京都市は日本でも一二を争うパンの消費地。たぶん神戸人より食べてます。美味しい店、個性的なベーカリーにも事欠きません。パン食そのものが根付いたのもどこより早かった。総数は減ったとはいえ、いまでも京都は職住一体型の商いの街の性格を残します。それでなくとも忙しい朝がパン食に切り替わったのはごく自然な成行と申せましょう。
そのせいか日本人にはかなりの割合であるらしい「朝飯には炊きたてごはんが食べたい!」という欲望を彼らはほとんど持っていません。パンでなければ残りもんで〝ちゃっちゃ〟とすますのが京都式。ロンドンに住んでいてもそれは変わりません。以前は昼兼用でお茶漬けをかっこんでましたが、ツレの定年後はトーストも出番が増えました。それでも週の半分は前日の余りで手早くすませます。
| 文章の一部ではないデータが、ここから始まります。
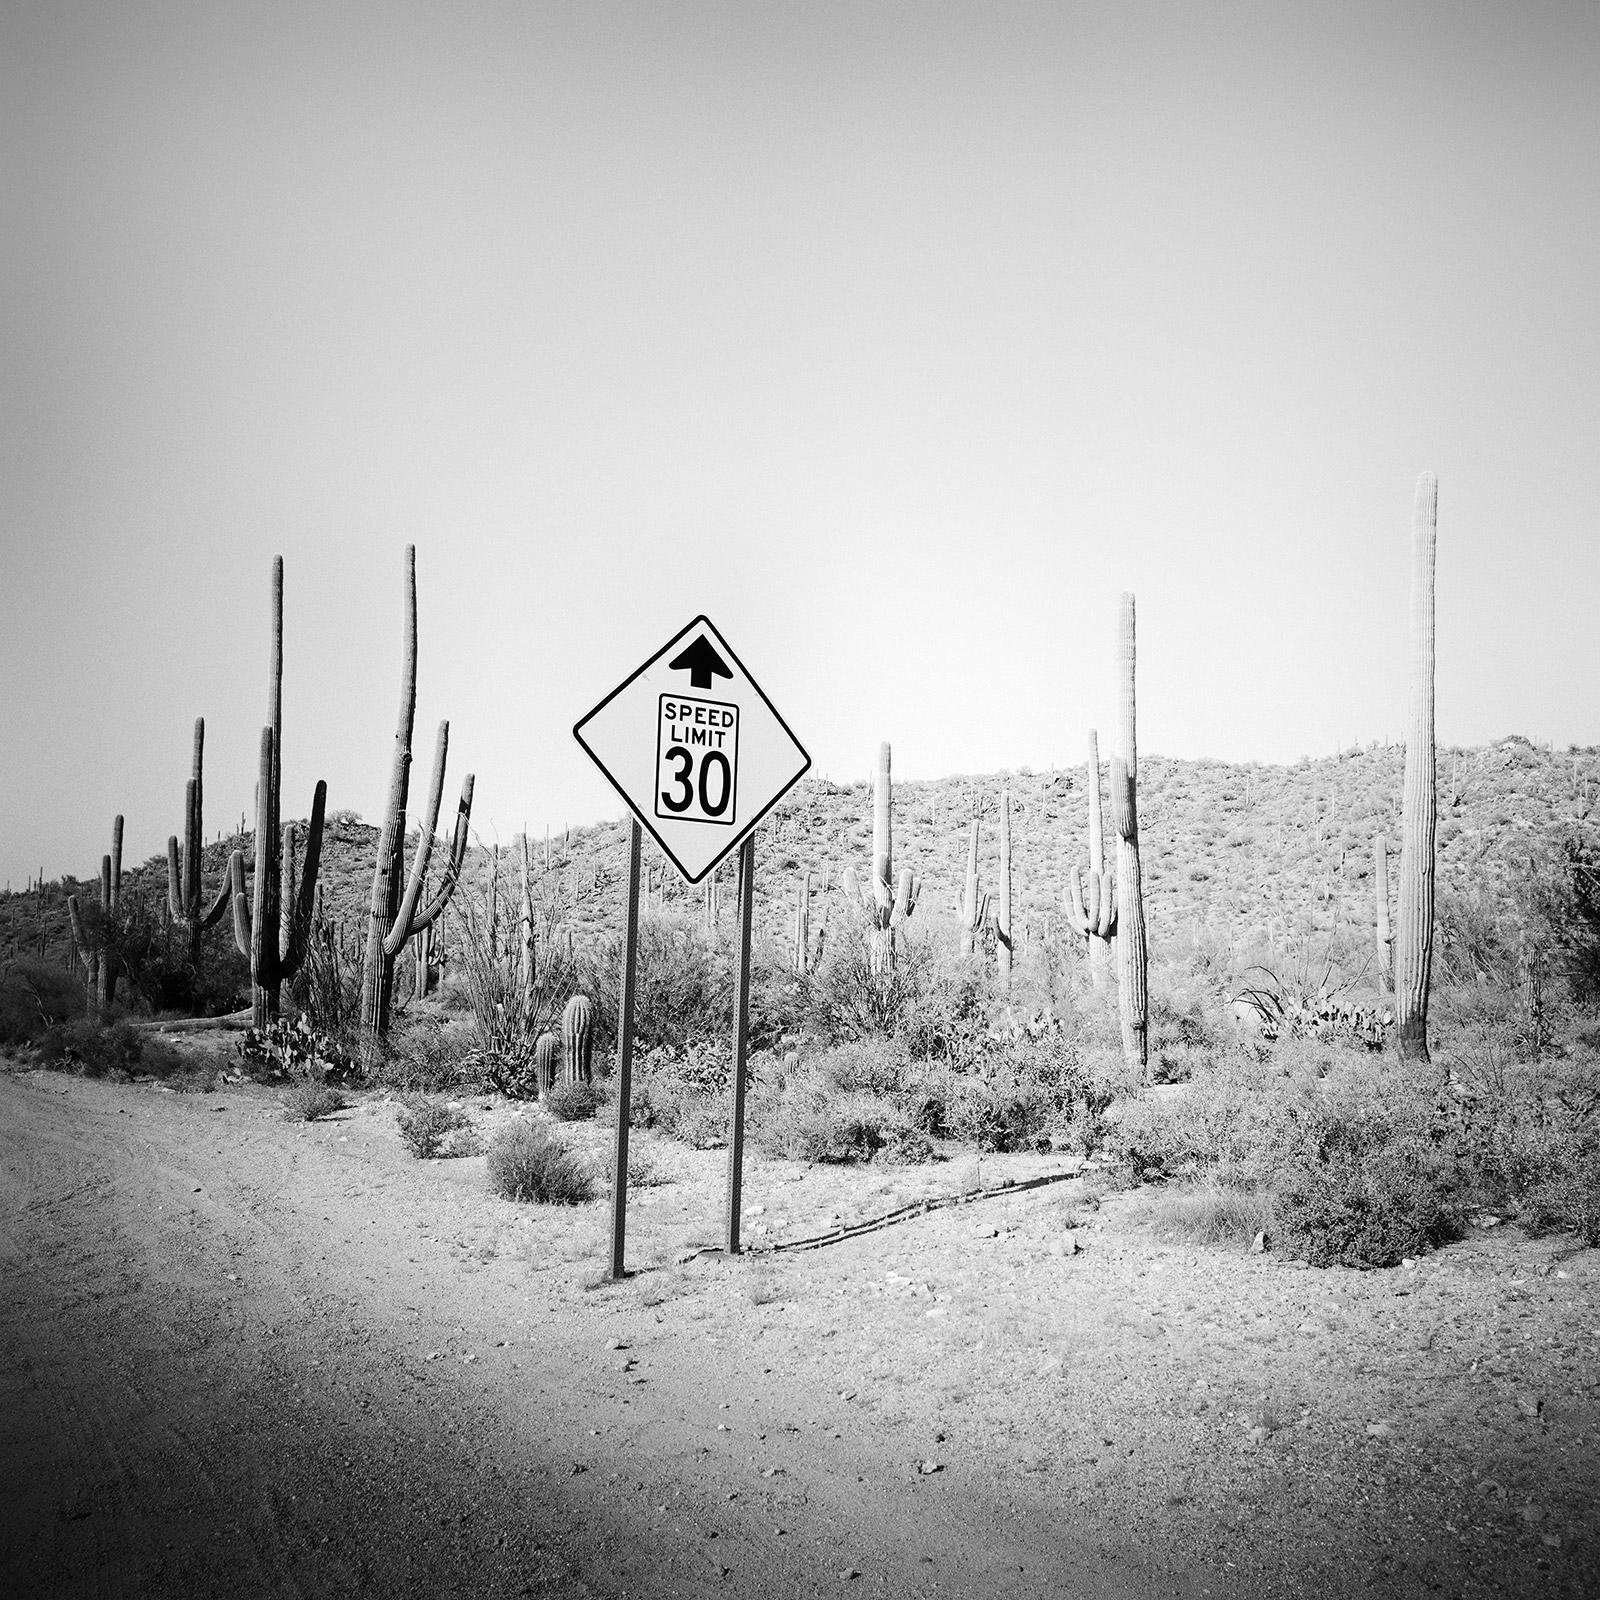 Black and White Photograph Gerald Berghammer - Limite de vitesse, désert, cactus, Arizona, photographie de paysage artistique en noir et blanc
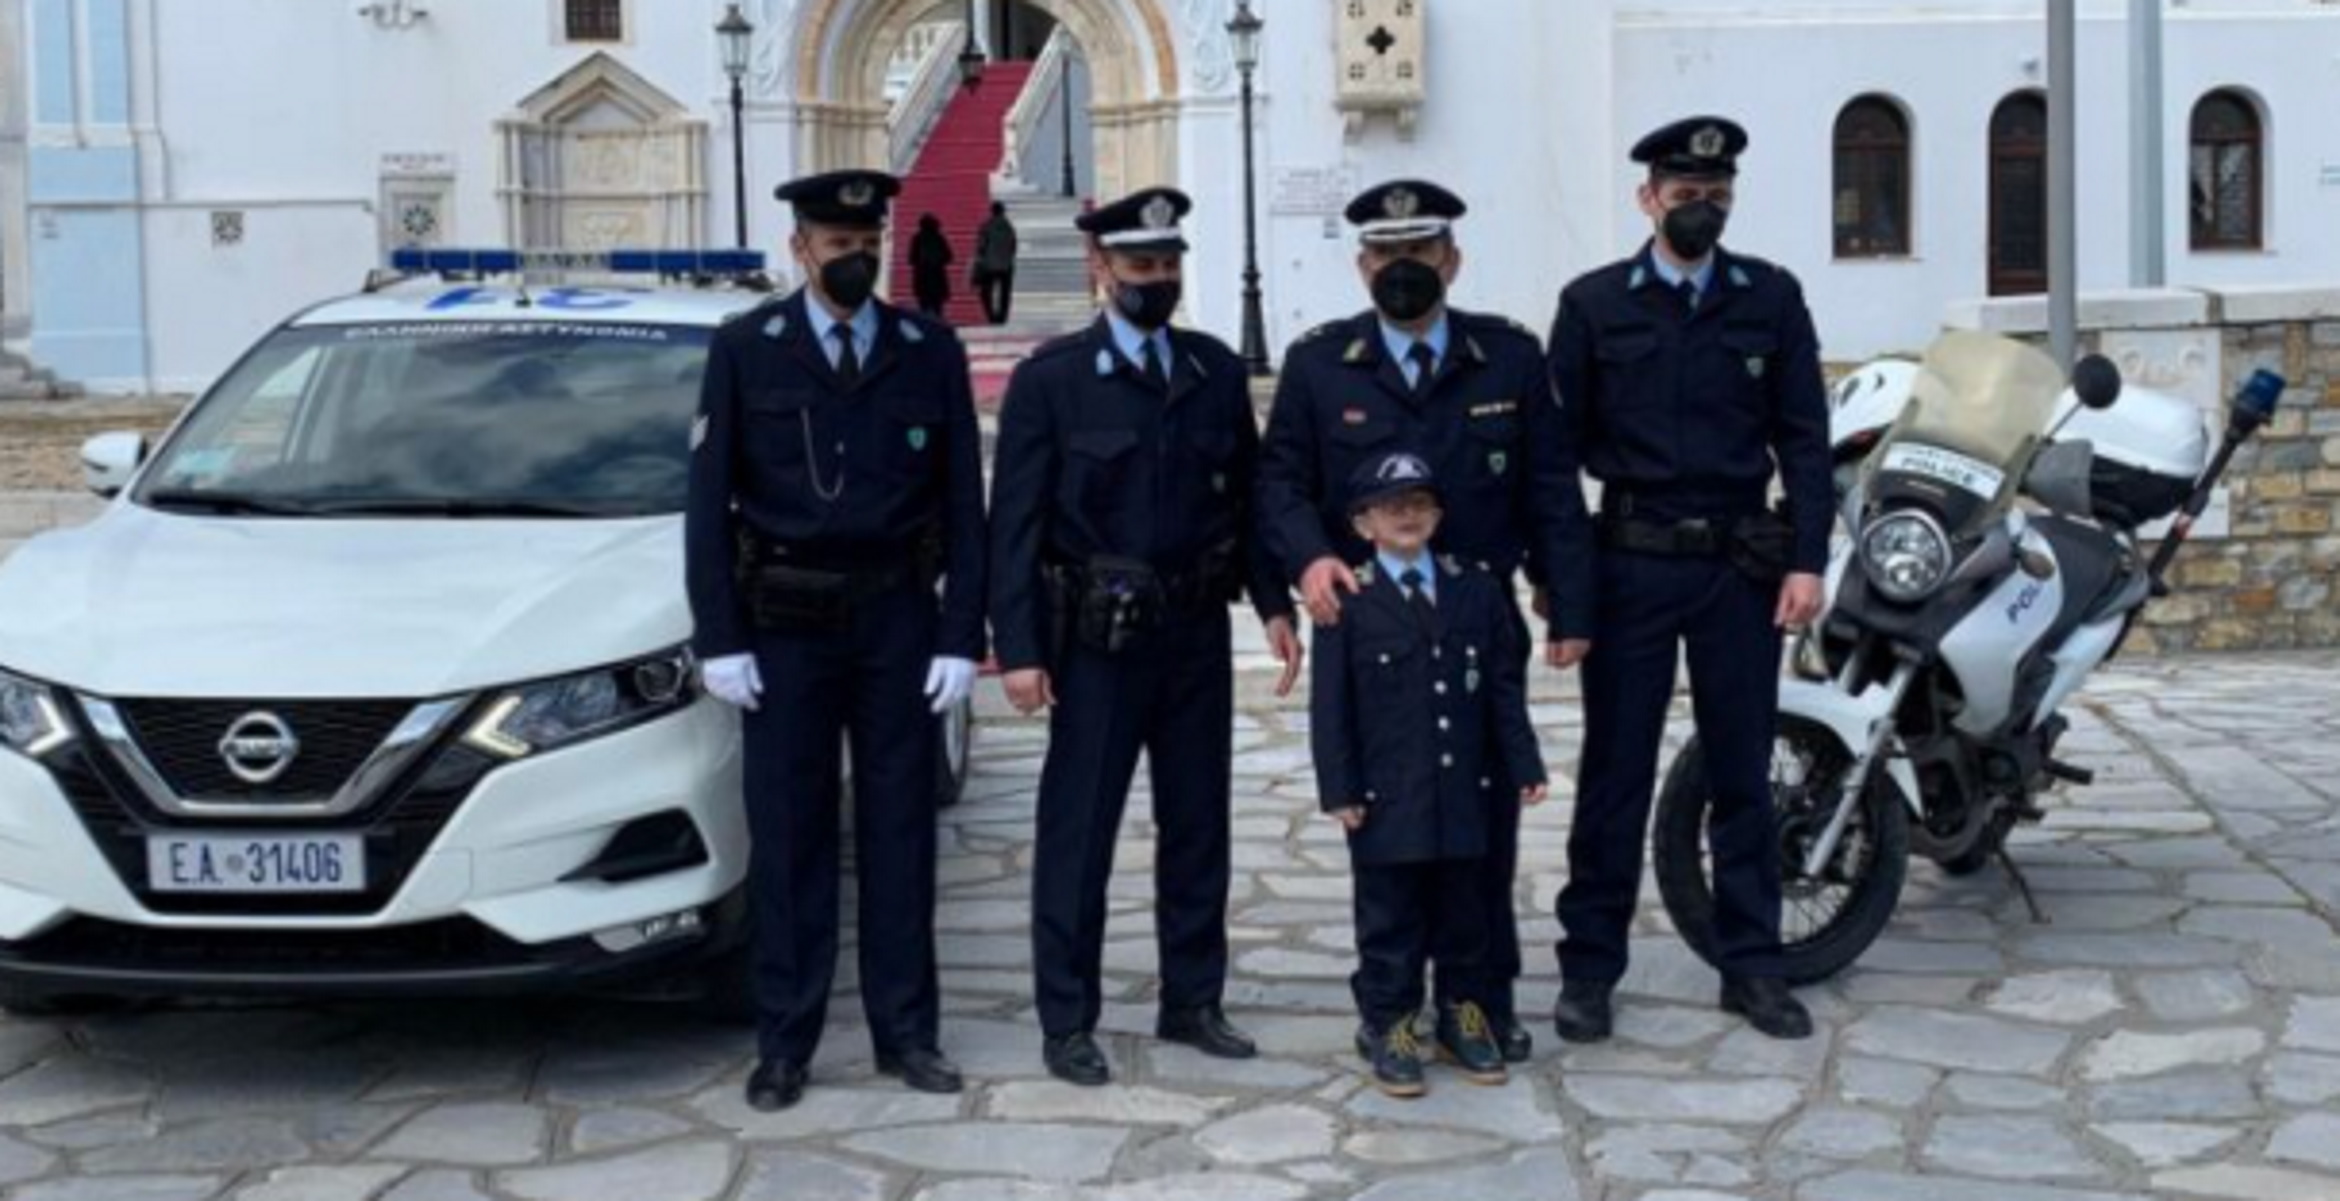 Τήνος: 6χρονος έγινε για λίγο αστυνομικός – Η έκπληξη στα γενέθλια, οι ευχές και τα χαμόγελα

その話を葛飾柴又生まれの友人にしたところ「信じられない!」と首を振られました。「あたし、なにがあっても冷ごはんは嫌だわ」なのだそうです。
わたしはむしろ保温ジャーで長時間温められ続けたごはんの匂いが苦手なので、あらためて人の好みはいろいろだなあと驚きました。というか自分、冷ごはんラブなんですよ。電子レンジすら使わない。おかずによっては温めなおしたり、精進揚げとかなら甘辛く煮つけたりとかもしますが、ごはんは冷たいままです。カレーとか冷や×冷やでいったりしますもん。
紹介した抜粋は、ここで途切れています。